La perspective négative émise par Fitch Ratings envoie un signal fort aux investisseurs et aux créanciers. Elle met en lumière les risques entourant les finances publiques, notamment à travers les financements hors budget comme les opérations de la Société nationale des hydrocarbures (SNH). Ces éléments augmentent le coût des emprunts pour l’État camerounais.

Cette notation a déjà été confirmée pour des émissions récentes, comme le prêt-relais de 200 millions d’euros (environ 131 milliards de FCFA) recherché par le gouvernement.
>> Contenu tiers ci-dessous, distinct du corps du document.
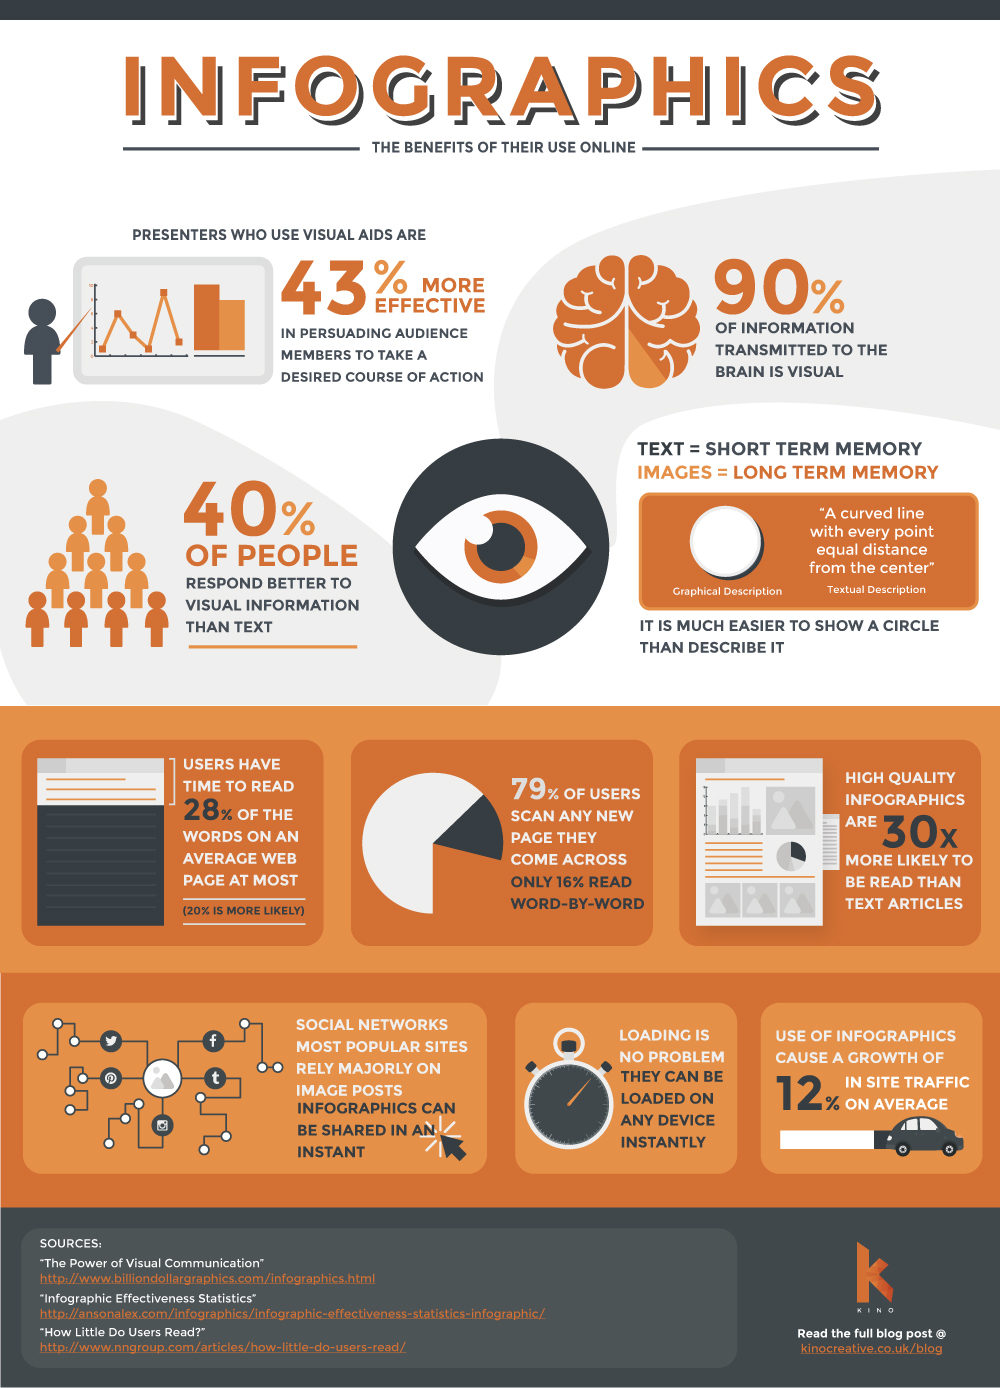 The benefits of infographics online by Visually
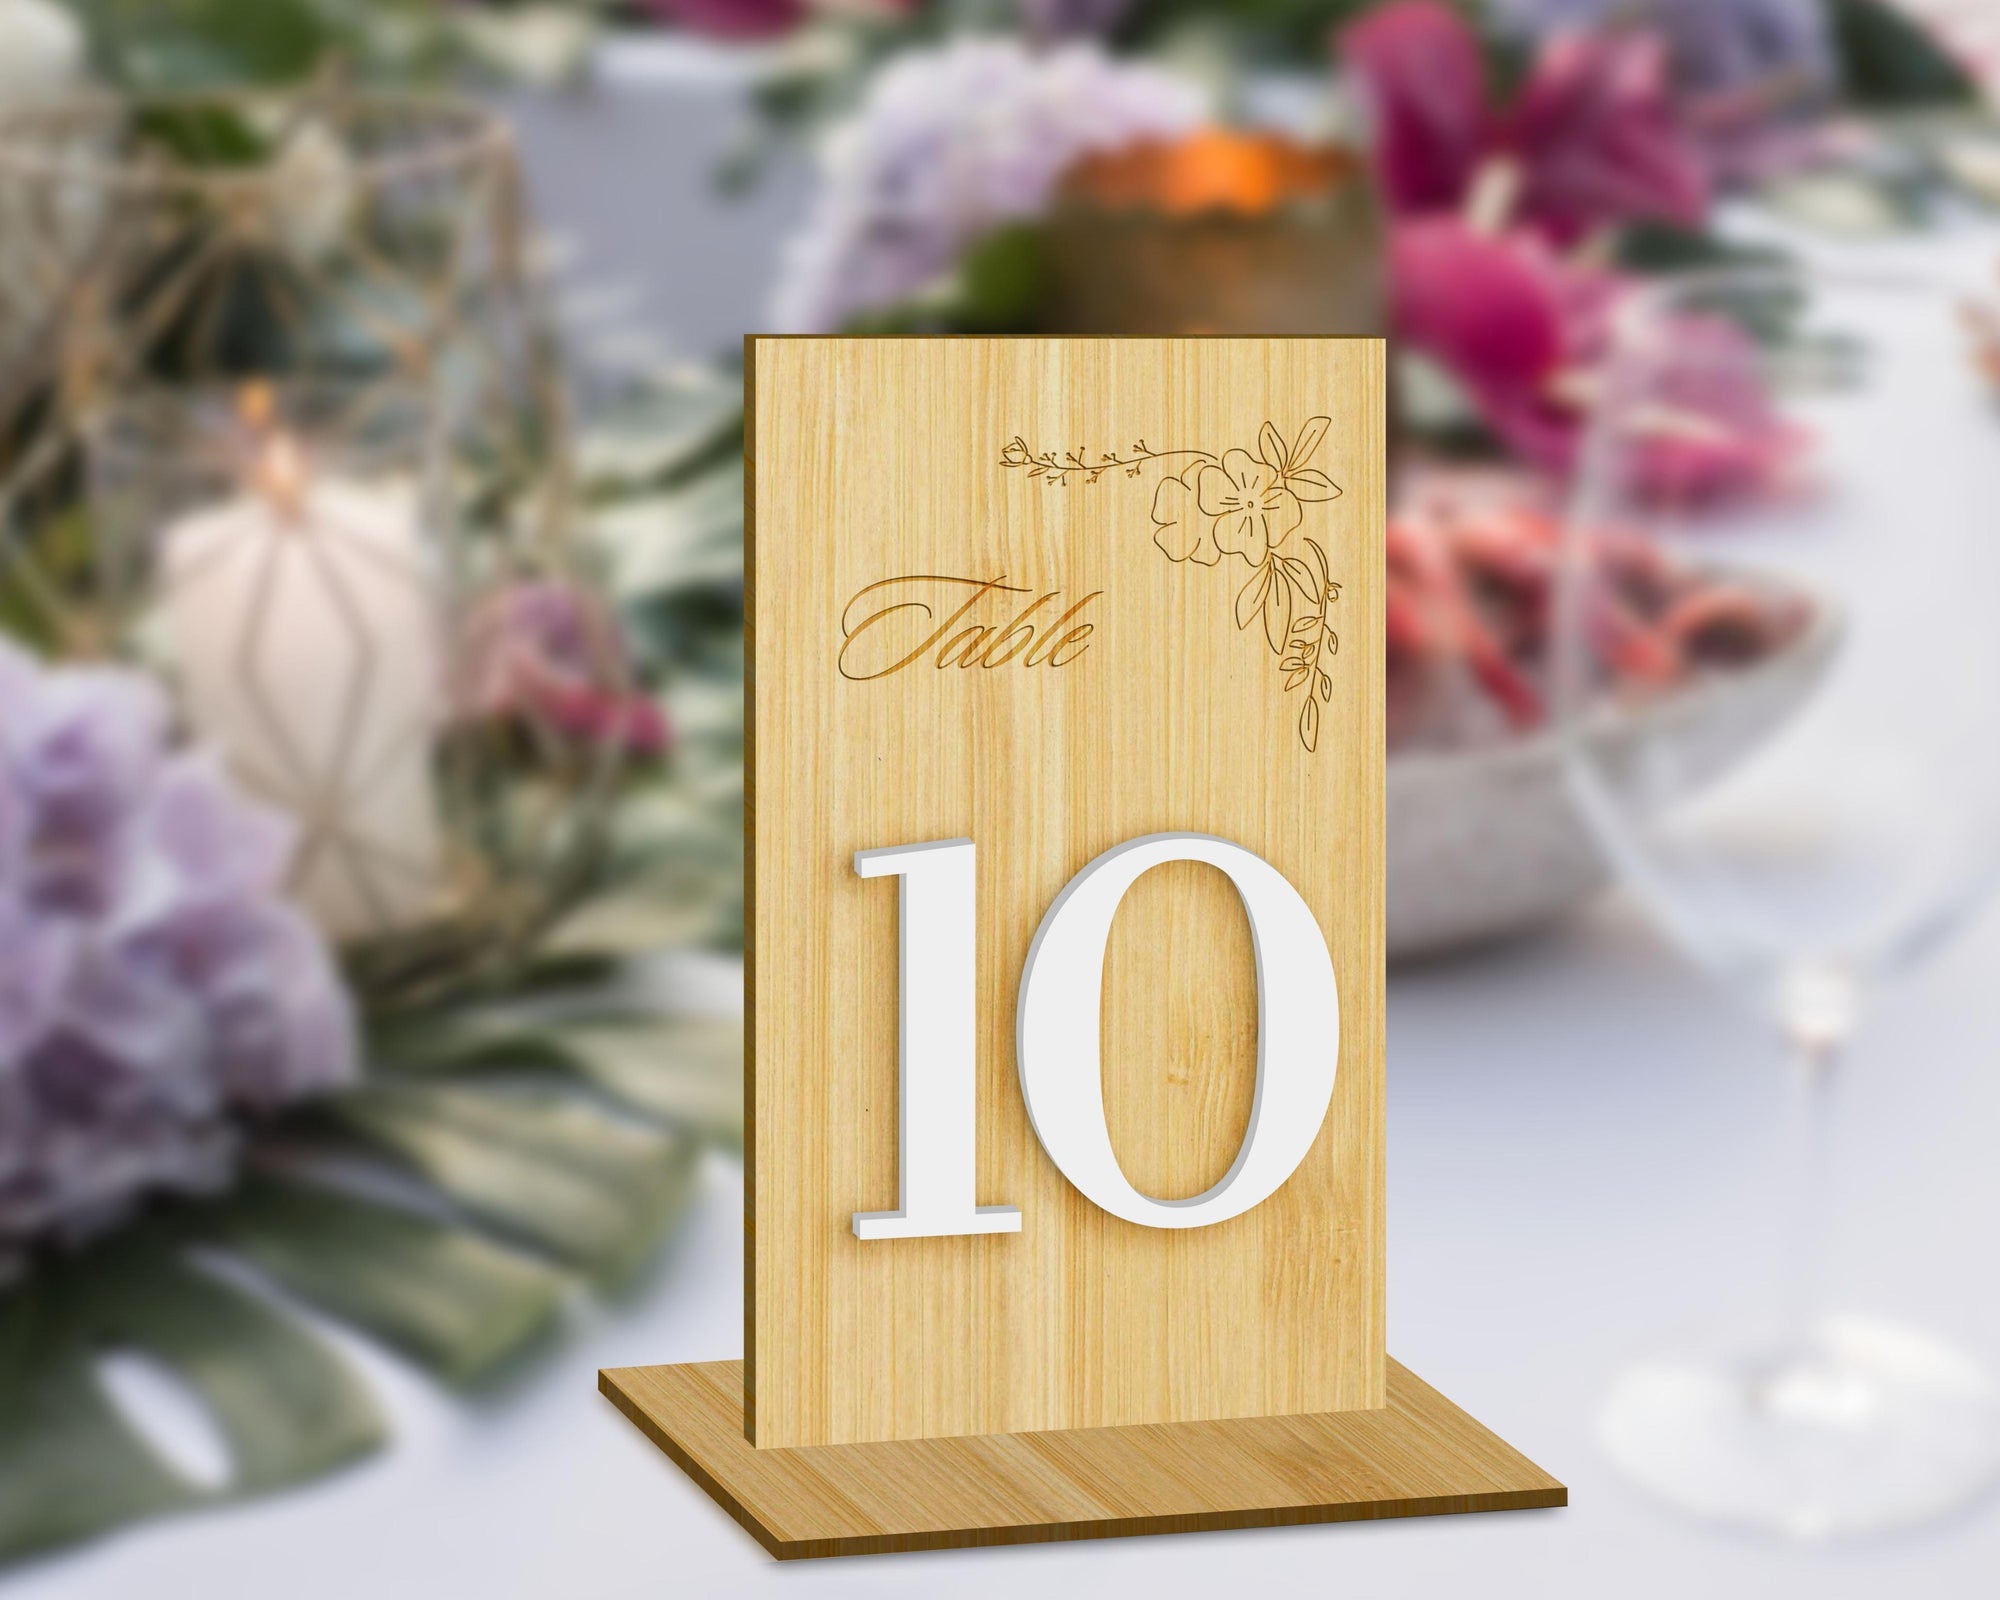 Personalised Engraving &amp; 3D Raised Wooden Laminated Plywood Wedding Table Number, Custom Tables Plaque, Wedding Decor Ceremony Event Signs

Les créanciers exigent désormais des taux d’intérêt plus élevés pour compenser le risque accru, ce qui renchérit le coût de la dette pour le pays.

Vers une amélioration de la notation ou un approfondissement de la crise ?

Une amélioration de la note souveraine du Cameroun passe par plusieurs leviers. Une meilleure gouvernance économique, une maîtrise renforcée de la dette publique et une croissance économique plus soutenue pourraient rassurer les marchés. Une hausse des recettes fiscales et une diversification de l’économie seraient également des atouts majeurs pour inverser la tendance actuelle.

À l’inverse, une dégradation supplémentaire de la situation politique ou économique pourrait entraîner une nouvelle baisse de la note, compromettant davantage l’accès du pays aux marchés financiers internationaux.